DNA was prepared. A multiplex bar coded polymerase chain reaction amplification using the Fluidigm Access Array was performed to prepare sequencing libraries for the Illumina HiSeq platform. Galaxy workflow was used to identify mutations and results were compared to buffy coat sequencing. The following genes were queried: VHL, PBRM1, SETD2, BAP1, KDM5C, KIT, NFE2L2, MET, TP53, CDKN2A, FGFR3, PIK3CA, BRAF, MUC4. Criteria for calling mutations included adequate frequency by overall count and percentage of reads, identification in all overlapping sequences, and presence of buffy coat for comparison with <0.5% containing the mutation.

Thirty preoperative test patients with RCC and 32 healthy controls were analyzed using the gene panel. Of the 32 patients analyzed in the healthy control cohort, 27 (84%) failed to yield sequence of the genes of interest. Of the preoperative RCC patients, 20/30 (67%) had detectable somatic mutations, resulting in nonsynonymous, frameshift, stopgain, or splice site mutations, compared to 1/32 (3.1%) controls. Mutations were detected in both early and advanced stage disease, including a patient with a 1.1 x 0.7 x 0.5 cm tumor. Mutations were seen in all genes assayed. These data demonstrate feasibility of gene-specific whole exome sequencing of ctDNA for diagnosis of RCC in patients with solid renal tumors. The majority of RCC patients of various stages and histology had ctDNA detected in a single preoperative blood sample. A single control gave a positive test. Non-invasive detection of RCC shows promise for not only initial diagnosis but also disease monitoring and guidance of targeted therapies throughout a wide spectrum of disease severity, including small lesions.
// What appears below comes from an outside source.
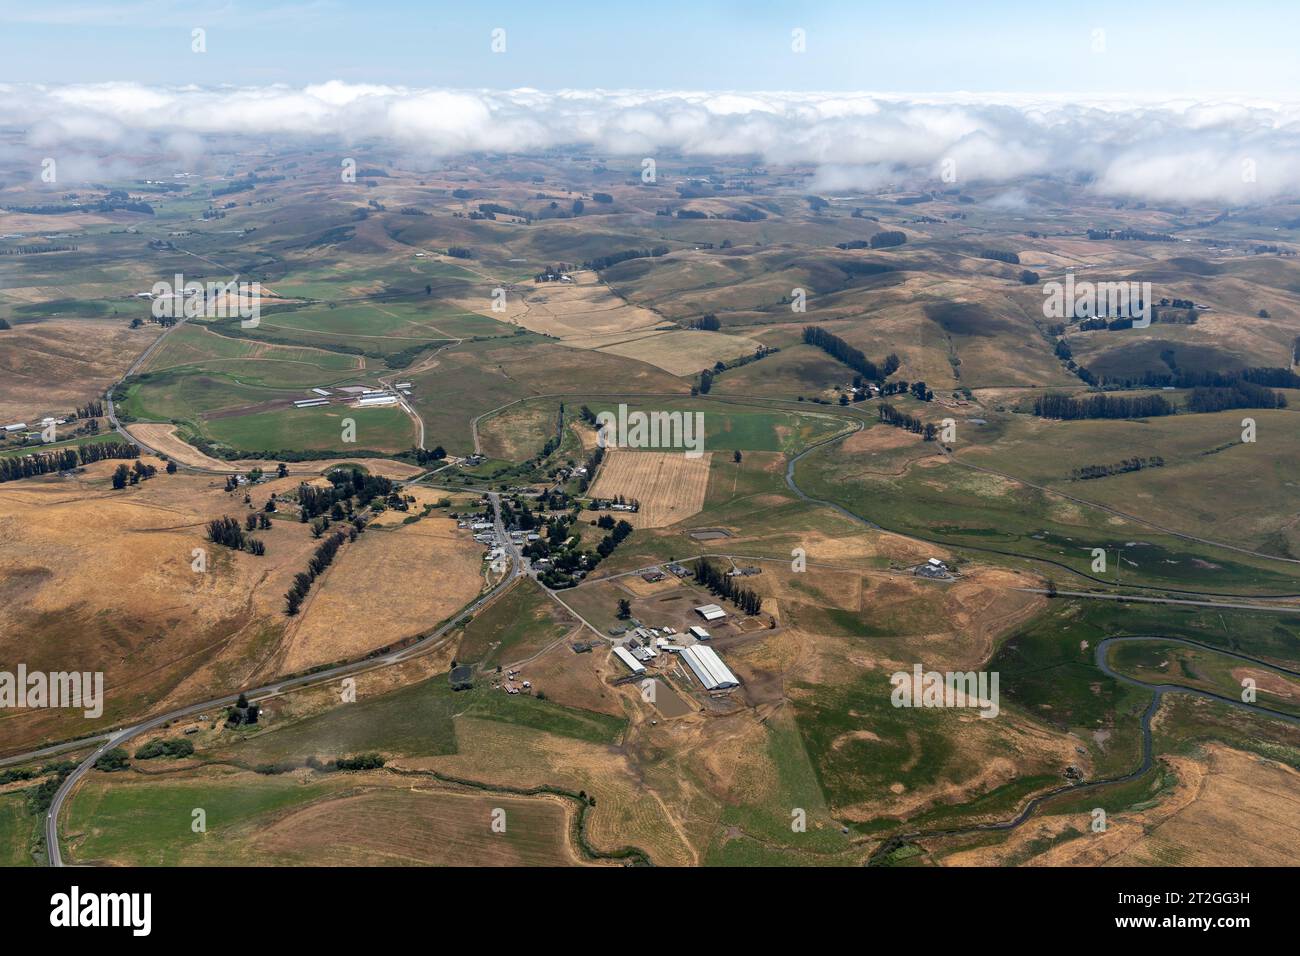 Le nuvole si innalzano sulle dolci colline della regione vinicola con vista aerea delle fattorie e dei vigneti sottostanti Foto Stock

Targeted therapy gene panel for use in liquid biopsy for patients undergoing targeted therapy for advanced or metatstatic RCC

In order to identify additional genes that may predict response to sunitinib and pazopanib, inventors queried the Drug-Gene Interaction database (DGIdb) curated by Washington University. The DGIdb is designed to return the rank ordered list of genes that when altered will alter the response to the drug in question. The results of the TCGA data were added on the number of ccRCC cases that have alterations in each individual gene. Interestingly, the gene that received the top score for sunitinib was the KIT gene. Although the KIT gene mutations are rare in the TCGA ccRCC dataset (The Cancer Genome Atlas Research Network, 2013, Nature 499:43-49), which has 3 mutations out of 424 tumors, KIT mutations were identified in 6 of the 14 ccRCC cases (43%) that had pre- nephrectomy liquid biopsy (see data Table 3A and 3B). Two of the 6 cases with KIT mutations had two KIT mutations, but it has not been determined if these mutations are biallelic. KIT mutations in our liquid biopsy series included missense, splice site and frameshift mutations. These data suggest that the liquid biopsy may be detecting subclonal populations that may not be evident in the TCGA dataset derived solely from frozen tumor sections. As another example of the use of DGIdb, while MTOR only achieves a DGIdb score of 2, it is very frequently mutated in ccRCC, thus MTOR will be on the panel interrogating response to TKIs.